Though the Bulls didn’t land their prime targets of James and Dwyane Wade, they signed Boozer and a strong reserve core that has been fine tuned from year to year.
The result was a team that could compete for a title if it were healthy. It basically never has been.
In 2010-11, when Boozer, Deng, Rose and Joakim Noah played together the Bulls were 24-5.
In 2011-12 when that foursome played together, the Bulls were 25-4. Combined, the Bulls are 50-9 since the summer of 2010 when that core is together.
Obviously, last season they never played together with Rose out all season recovering from his knee surgery.
It’s obvious you can only go so far with a core group. And given this group of Bulls players has missed so much time, you have to make a decision. You can’t keep continuing to ride them if they are going to break down or not succeed.
Which is what the players understand as well.
It’s not about contract extensions or raises or promises.
It’s about proving you can be the team you were constructed to be in 2010.
This is perhaps what the Bulls players understand best and what could be a driving force mostly left unsaid.
They believed in 2010 despite outside doubts they could compete with Miami or anyone else. They’ve mostly proven it playing the Heat even the last three years. But the Miami stars, notably James, have been healthy, and the Heat has won the two playoff series with the Bulls.
So it seems appropriate now given the contract uncertainties to come to give these players one more shot at them. If they cannot do it now they’d probably agree it’s time to make some changes.
At the opening of camp last week, Thibodeau was asked directly if this was the last run for this group.
“You go into every season with the approach of not looking ahead to next year or looking behind,” deflected Thibodeau in his moment to moment approach. “It’s a challenge to us all to lock into this year and be ready. For Derrick, it’s the ACL, for Luol it’s free agency. For Carlos, it’s something else. We have to eliminate all that stuff. Our concentration has to be on what is in front of us.”

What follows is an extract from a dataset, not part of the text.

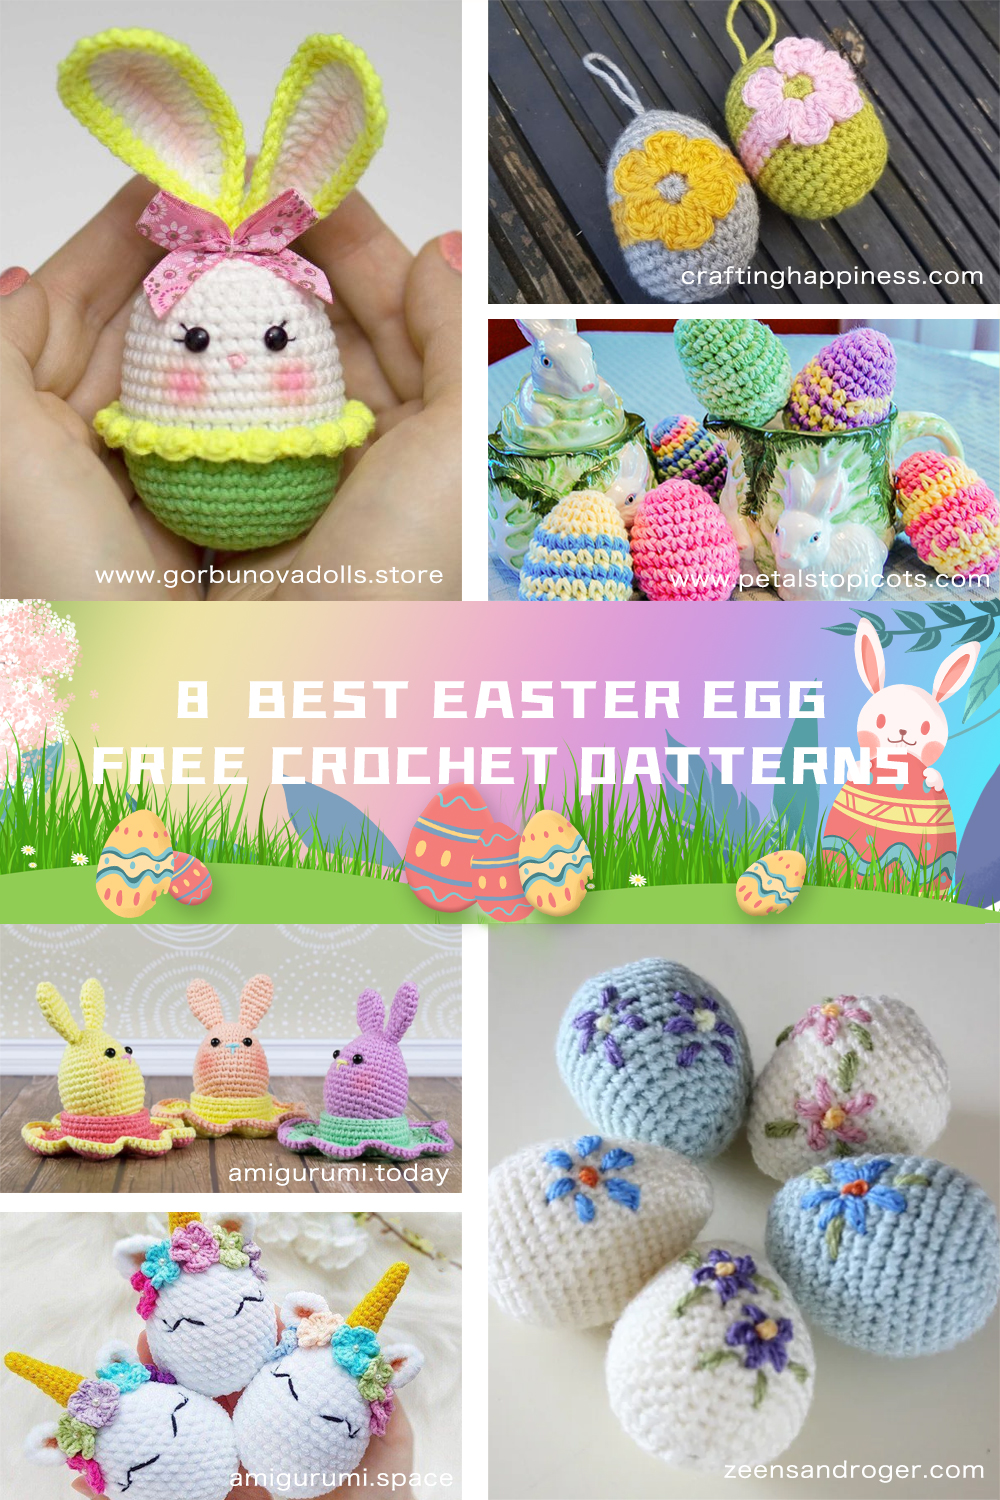  8 Easter Egg Free Crochet Patterns

But the players perhaps understand best and the sense you get from these first few days of training camp is they are embracing that challenge in almost a sort of dare. They want to show they can do it, somewhat like the challenges that Michael Jordan routinely took on as his own motivational tool. It helped drive Jordan, and it could help drive this Bulls team.
“I’ve been waiting for this for a long time,” said Noah. “Especially with Derrick coming back and the team we have we feel like we can do it. Everyone in the whole city, there’s a feel about this season that it could be something special. I think this is our year we get over that hump.”